PCR (Polymerase Chain Reaction)

1. PCR (Polymerase Chain Reaction)

2. What Does a PCR do? • Copying machine for specific parts of DNA. • Chain rxn. in which DNA template exponentially amplified • PCR makes billions of copies of specified DNA segment in few hours • No need to screen a DNA library for desired gene. • Bypasses need to use bacteria for amplifying DNA • Only need small amounts of DNA in starting material. • Helps when dealing w/ scant clues at crime scenes. • DNA can be partially degraded as long as some molecules contain complete target sequence. • Allows scientists to deal w/ ancient DNA.

3. Ingredients for PCR • Double-stranded DNA containing region to be amplified. • Heat-resistant DNA polymerase • Enzyme assisting in DNA replication. • Catalyzes polymerization of dNTP’s (nucleotides) alongside DNA strand. • Polymerization is a process of reacting monomer molecules to form polymer chains. • DNA polymerase can add a nucleotide onto only a preexisting 3'-OH group on DNA segment, and therefore needs a primer at which it can add the first nucleotide. • If non-heat resistant polymerase used - protein would denature during 1st heating step and would have to be replaced after each cycle. • Key to automating PCR: discovery of heat-stable polymerase • Isolated from bacteria in hot springs.

4. Ingredients Continued • Two 15-20 nucleotide DNA strands that serve as primers. • One primer complementary to beginning of 3’ of the target DNA sequence. • Second primer complementary to the 5’ end of the sequence on the other strand. • Known as oligonucleotides. • Buffer solution • Provides suitable environ. for optimum activity and stability of polymerase.

5. Step 1: Denaturation (Separation) • Mixture heated to 94-98°C for 20-30 seconds. • Causes melting (denaturation) of DNA by disrupting the hydrogen bonds between complementary bases of the DNA strands. • Left w/ single strands of DNA.

6. Step 2: Annealing (H-bonding) • Rxn. temp. lowered to 50-65°C for 20-40 seconds. • Allows annealing of 2 primers to single-stranded DNA template. • Primers H-bond to ends of selected DNA sequence.

7. Step 3: Completing the Strands • DNA polymerase binds to the primer/single-strand DNA template and begins DNA synthesis. • Extends the primers in 5’ to the 3’ direction. • Completes single-stranded DNA starting from primer location. • Uses DNA building blocks- nucleotides (ATCG)-also known as dNTPs.

8. Step 4 and On • Repeat! • At first there’s exponential amplification • At every cycle, amount of product doubles • Then rxn. slows. • Polymerase loses activity and reagents (dNTPs+primers) begin to run out. • Final stage is the plateau. • No more product accumulates due to exhaustion of reagents and enzyme. • By end of 3rd cycle ¼ of the molecules are identical to target segment and both strands appropriate length • By cycle 30 99% of molecules match the target DNA sequence.

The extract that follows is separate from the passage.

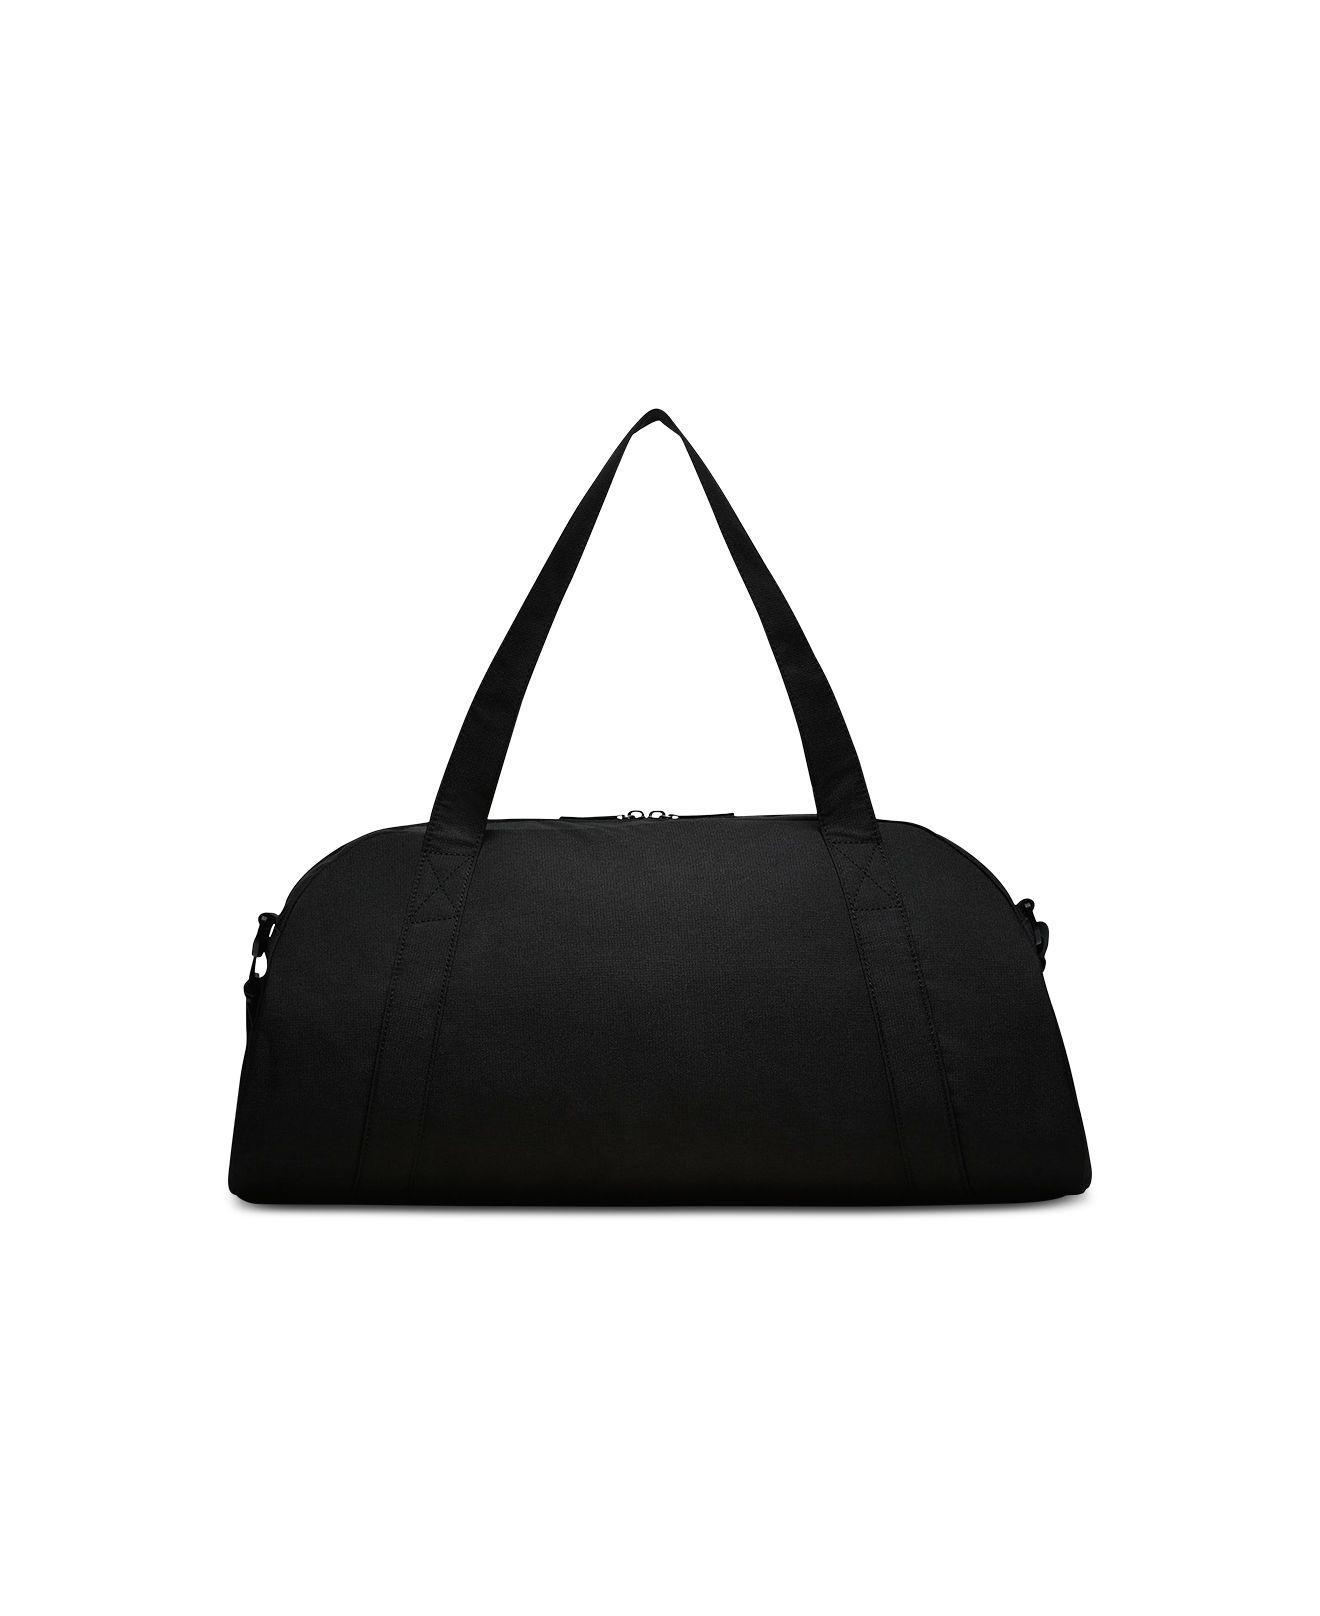 470b7e3a90 Lyst - Nike Gym Club Training Duffel Bag in Black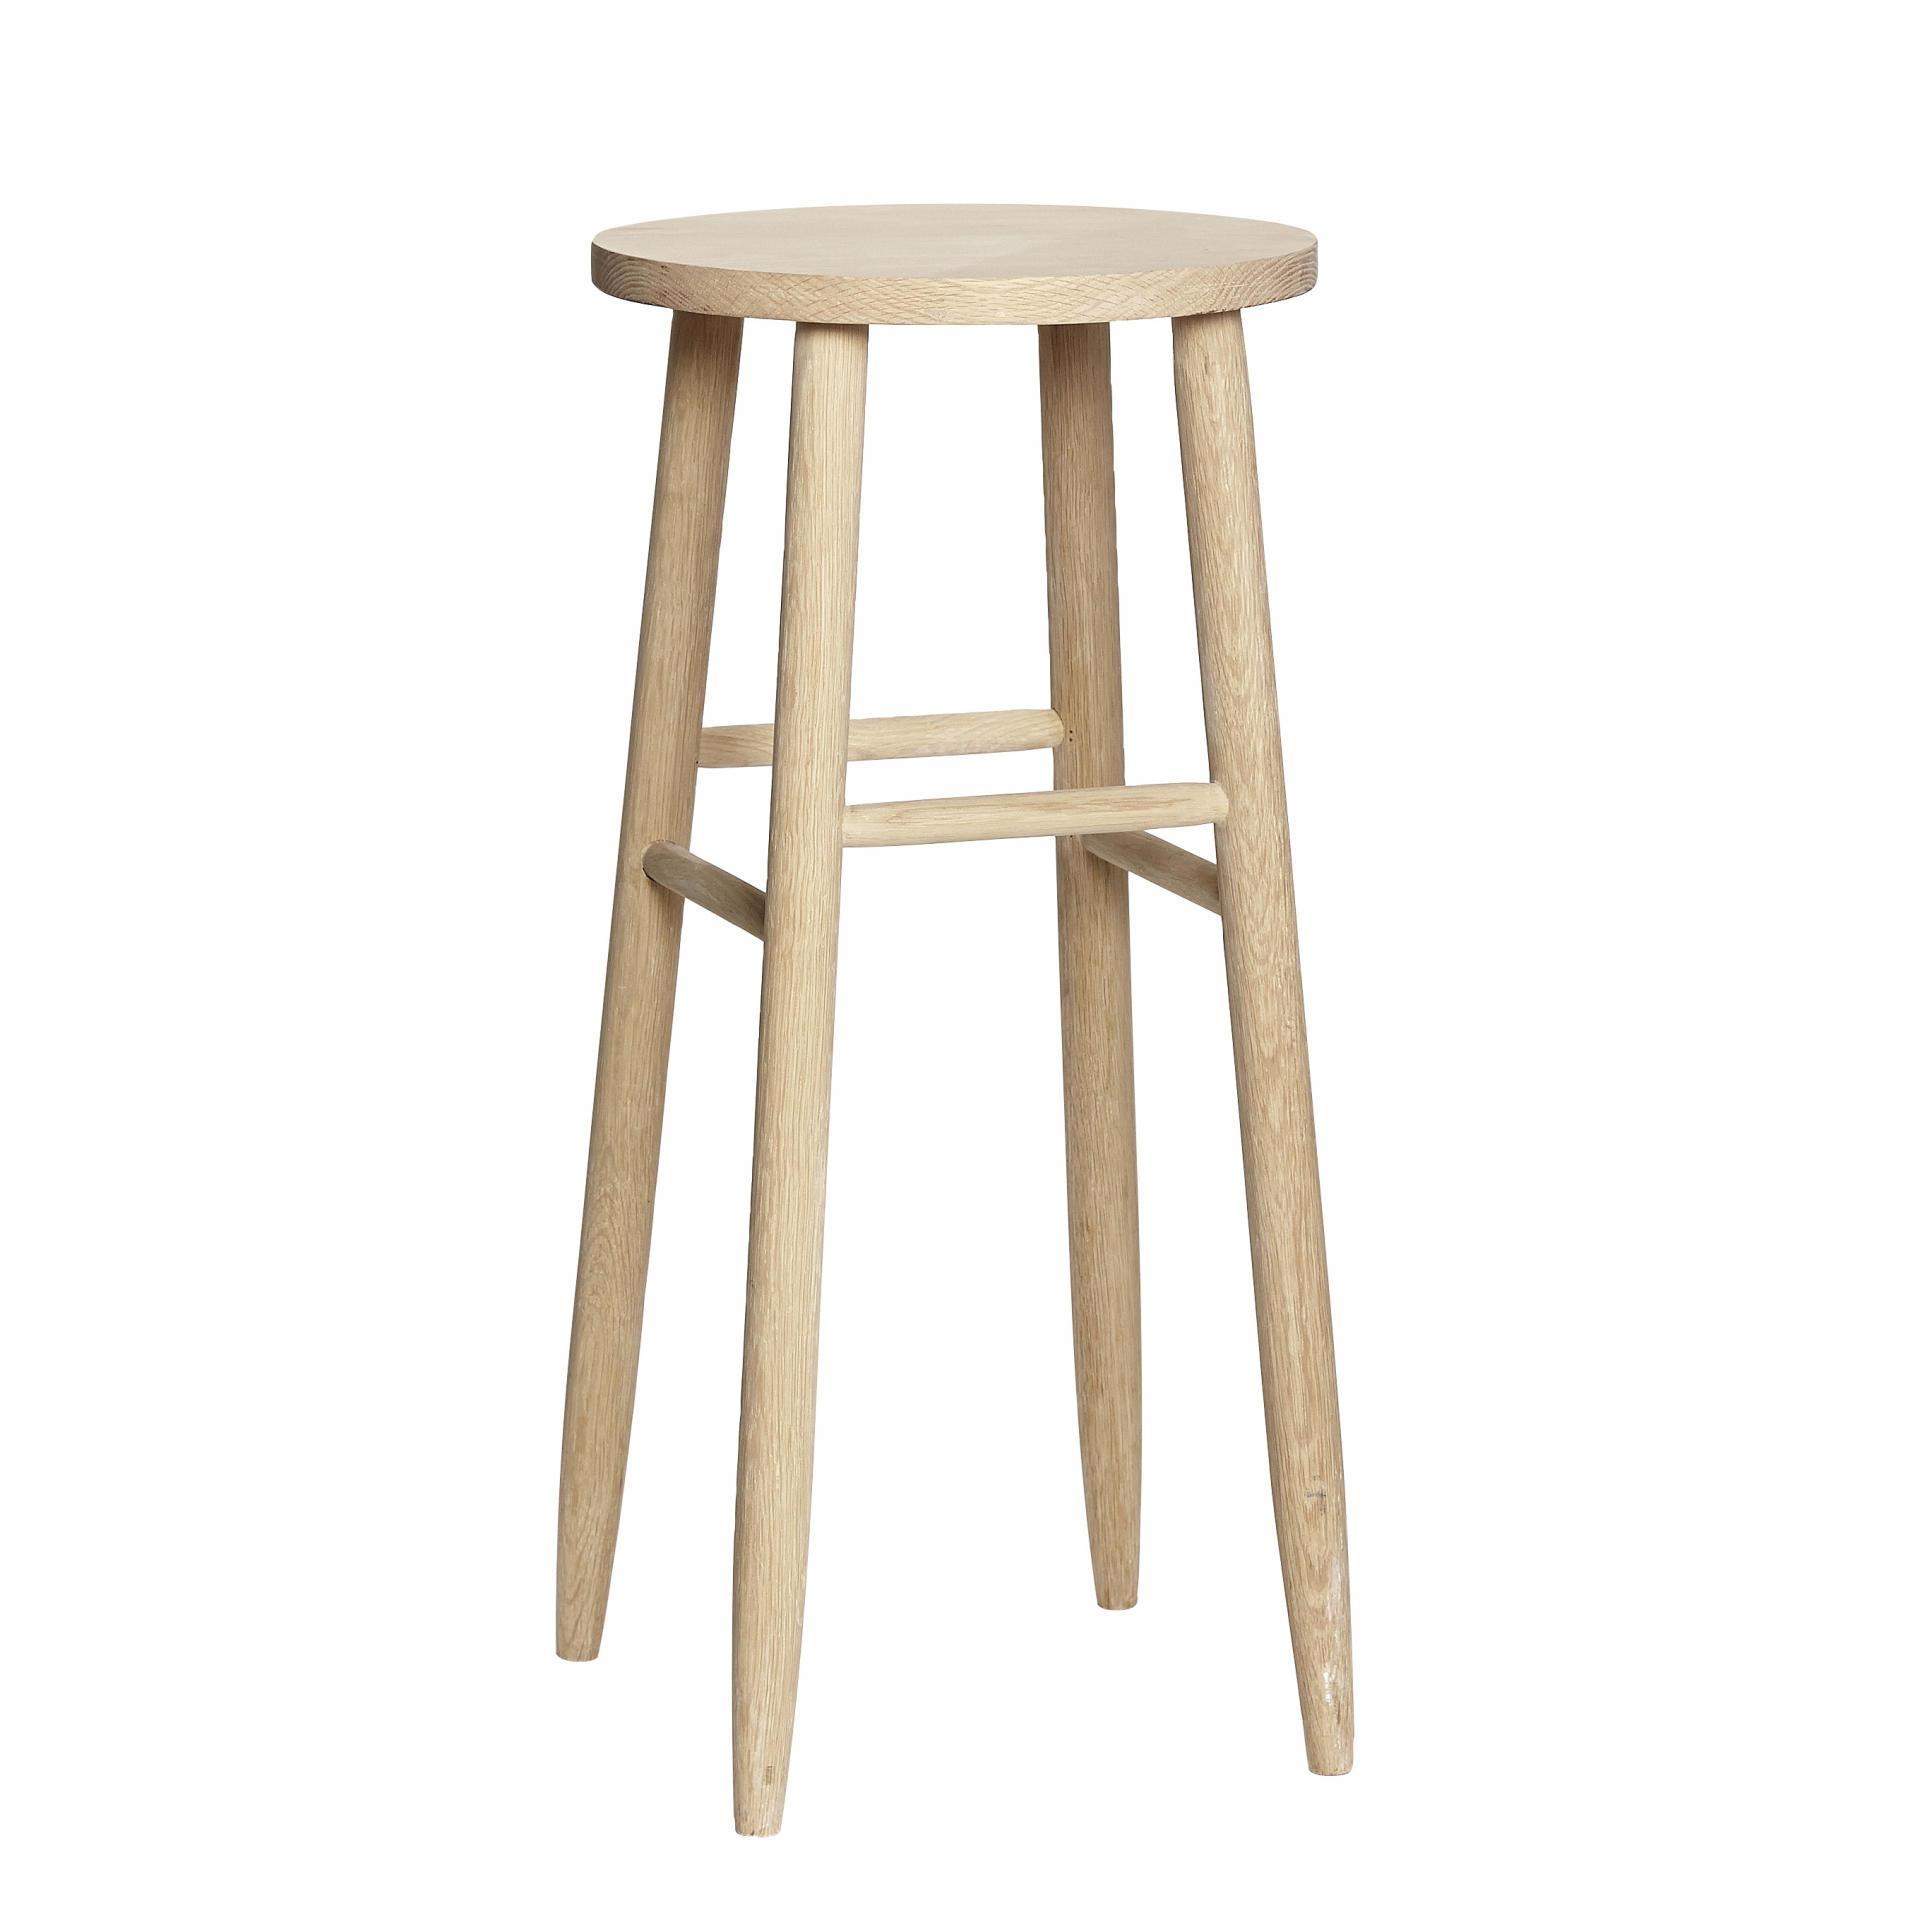 Hübsch Dubová barová stolička Nature

9. What’s This Good For? • Has had major impact on bio research and technology • Used to amplify DNA from wide variety of sources. • Detects small amounts of elusive infective agents in bodily fluids. • Can diagnose human genetic disorders by using primers that target the genes associated with these disorders • Ex. sickle-cell, hemophilia, cystic fibrosis. • Individuals identified before onset of symptoms and before birth. • Can identify symptom-less carriers of potentially harmful recessive alleles. • DNA amplified from fragments of ancient DNA from frozen wooly-mammoth • DNA from fingerprints or from tiny amounts of blood tissue found at crime scenes. • DNA of viral genes from cells infected with viruses. • Permits identification of non-cultivatable or slow-growing microorganisms. • Mycobacteria, anaerobic bacteria, or viruses from tissue culture and animals.